Where reasoning isn't worth it
It's tempting to turn the reasoning toggle on for everything because the outputs feel more thorough. Don't.
- Routine drafting — boilerplate clauses, standard NDAs, plain-vanilla demand letter shells. Reasoning is wasted compute. The output looks the same as the fast model.
- Email summaries — the kind of "what's in this 30-message thread" question I run every morning. Fast model. No reasoning. Done in 4 seconds.
- Citation formatting — getting Bluebook formatting right is a pattern-match task, not a reasoning task. Fast model handles it.
- Anything with a tight latency budget — if the user is waiting on the result interactively, reasoning latency (often 10-60 seconds added) erodes the experience. Use it deliberately, not by default.
The mental model I keep in my head
Reasoning is the model thinking out loud before it speaks. For routine tasks, it's the verbal equivalent of someone clearing their throat for a long time before saying "okay." For multi-constraint tasks, it's the model arguing with itself before it commits, which is exactly what you want when the question is hard.

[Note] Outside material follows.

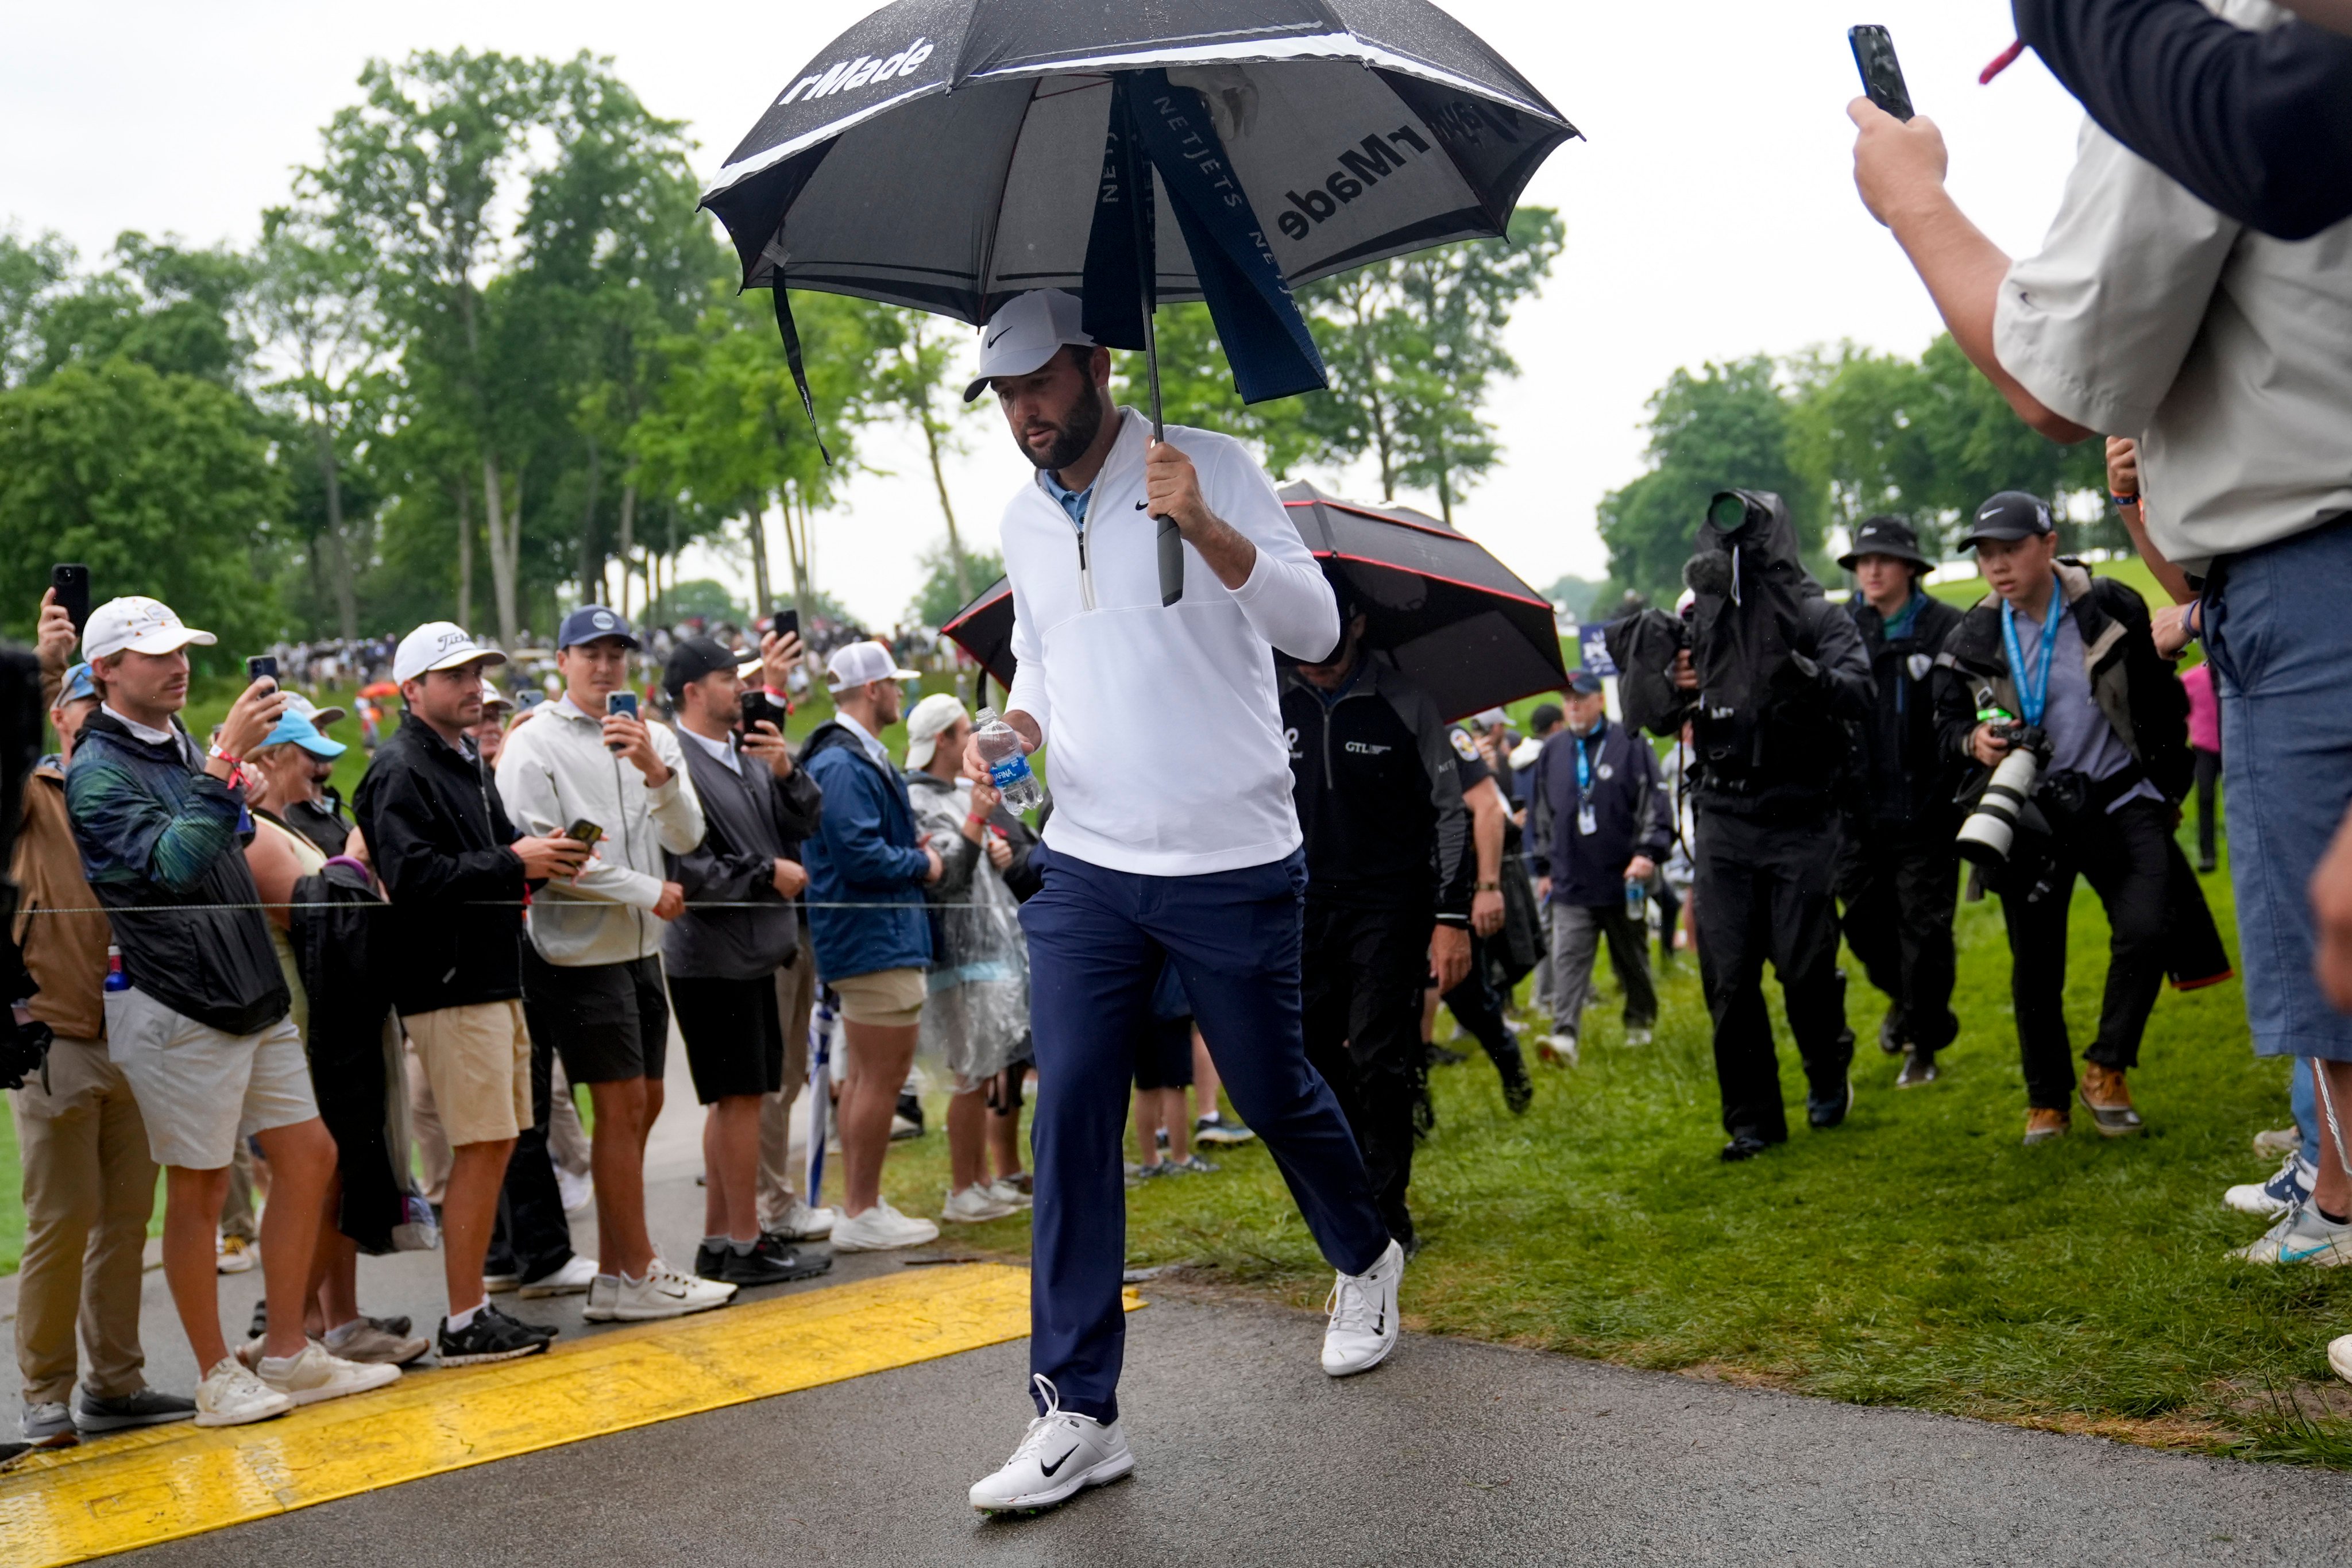 Scottie Scheffler walks to the tee on the 11th hole during the second round of the PGA Championship golf tournament at the Valhalla Golf Club on Friday. Photo: AP

The provider docs make this sound more exotic than it is. Anthropic's "extended thinking", OpenAI's "reasoning effort", Google's "thinking budget", xAI's "reasoning effort" — same idea, different knob names. The right question for any task isn't "should I use a reasoning model?" but "is this task one where the model needs to talk to itself first?"
A practical close
If you're picking models for a workflow, start without reasoning. Watch where the output is weakest — typically multi-constraint legal questions, ambiguous classification, anything where the model should be arguing with its first answer. Toggle reasoning on for those. Leave it off for everything else.
That's the rule I apply when I'm wiring a new agent into this site. Most things stay on the fast lane. The hard problems get the slow lane. The user toggle exists because some users know which is which, and the system shouldn't second-guess them.